TASK BRIEF> Each line below must be set down exactly; omit any image you find.

DATA EXTRACT>
━━━━━━━━
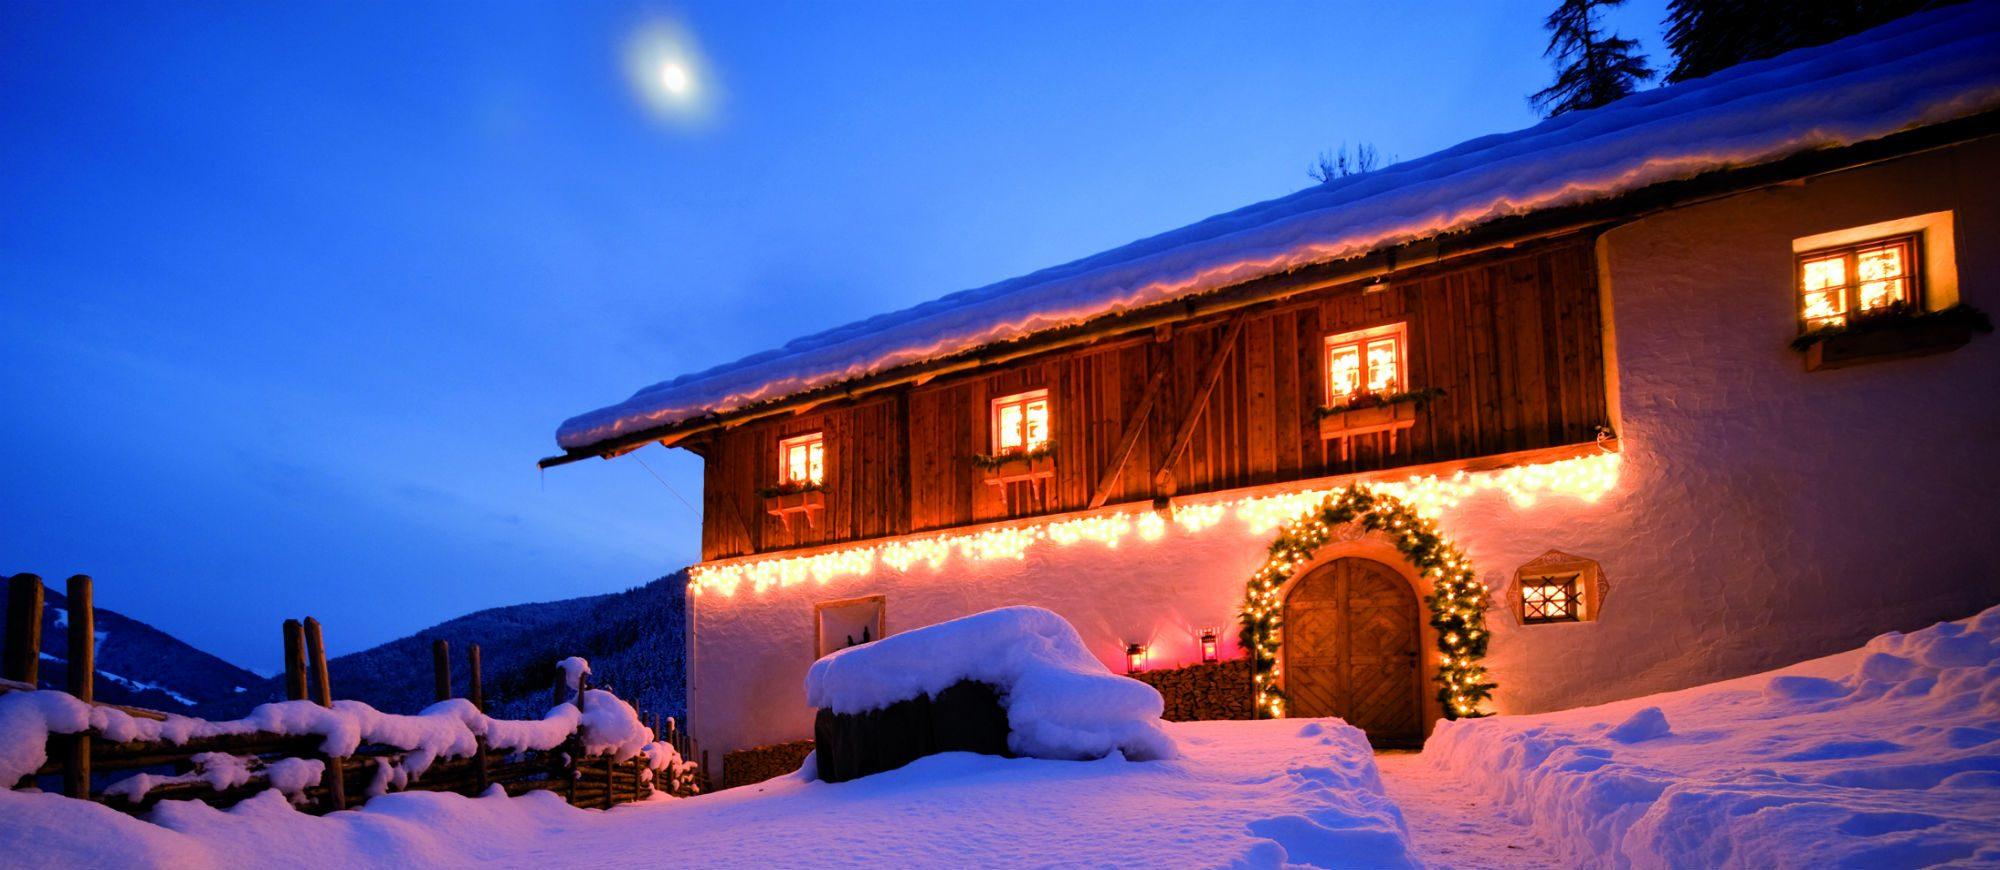 whitedeer-main1-property-winter-1
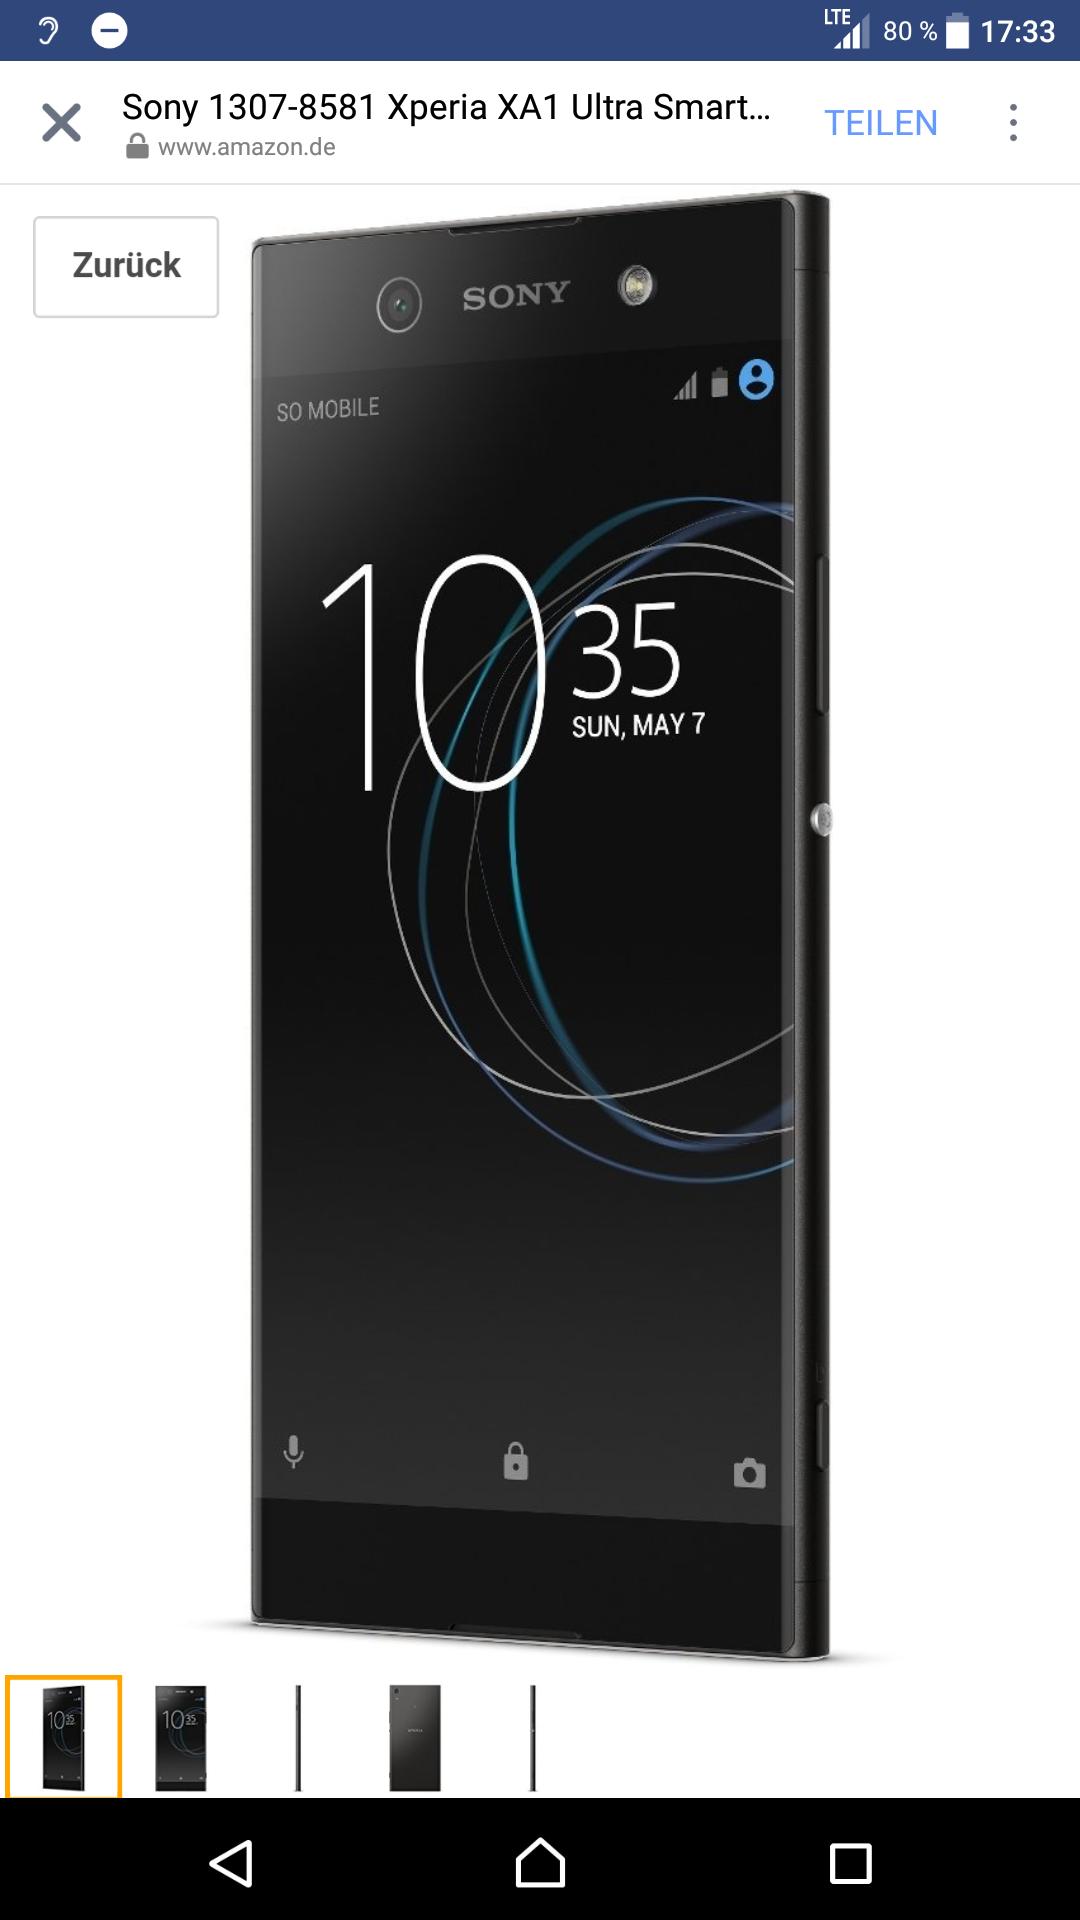 Sony Xperia XA1 Ultra  21% Günstiger [Blitzangebot]
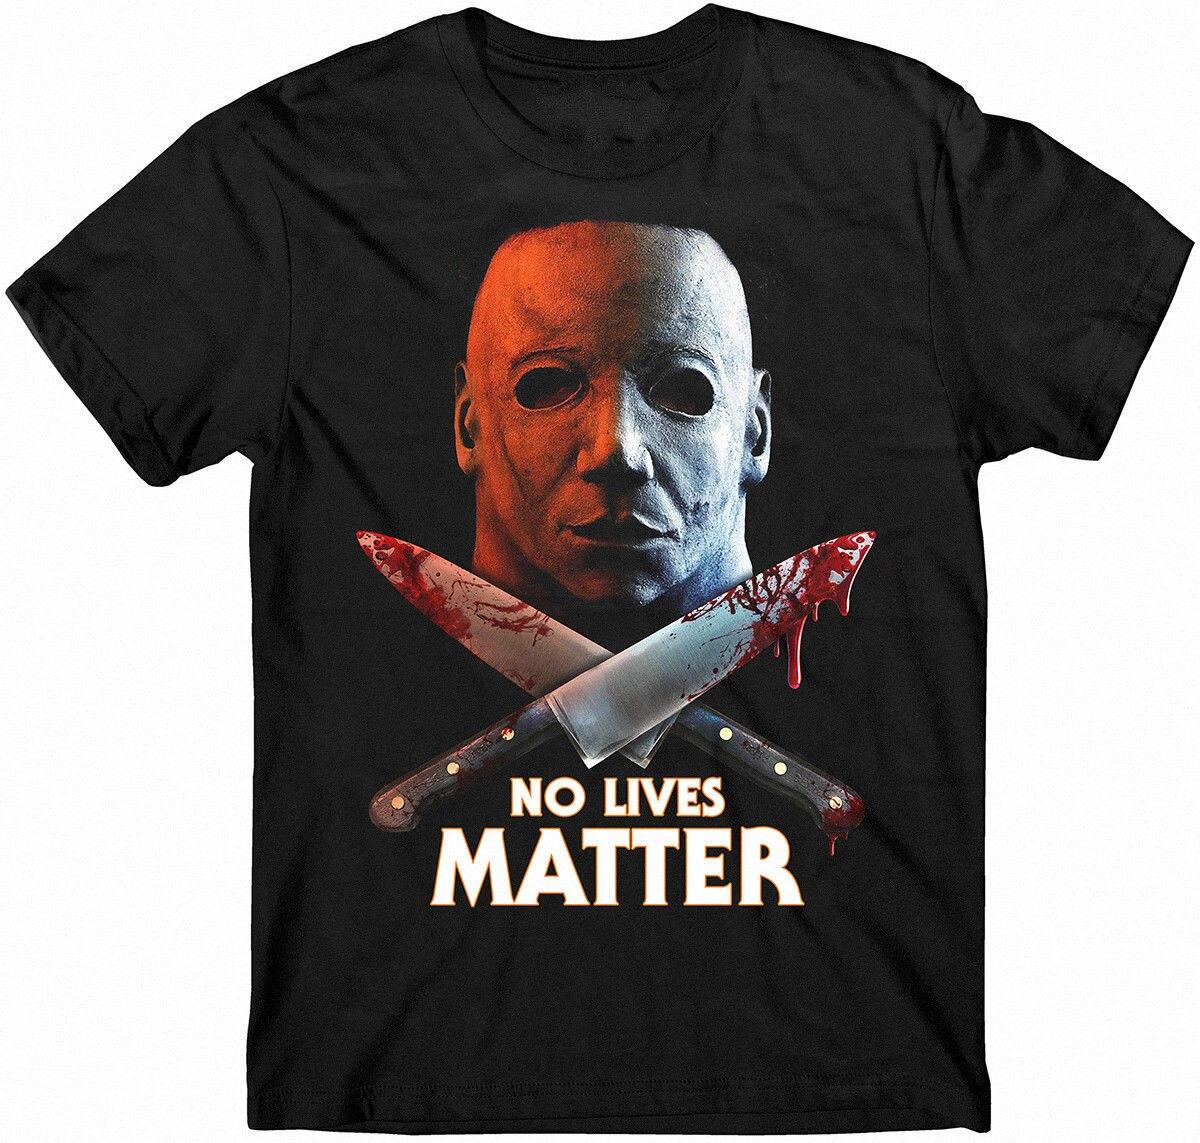 Halloween t-shirt, Michael Myers t-shirt, Knives t-shirt, No Lives Matter, Movie 2018 Summer MenS Brand Clothing O-Neck
━━━━━━━━
EXERCISE RESPONSE>
 whitedeer-main1-property-winter-1
 Sony Xperia XA1 Ultra  21% Günstiger [Blitzangebot]
 Halloween t-shirt, Michael Myers t-shirt, Knives t-shirt, No Lives Matter, Movie 2018 Summer MenS Brand Clothing O-Neck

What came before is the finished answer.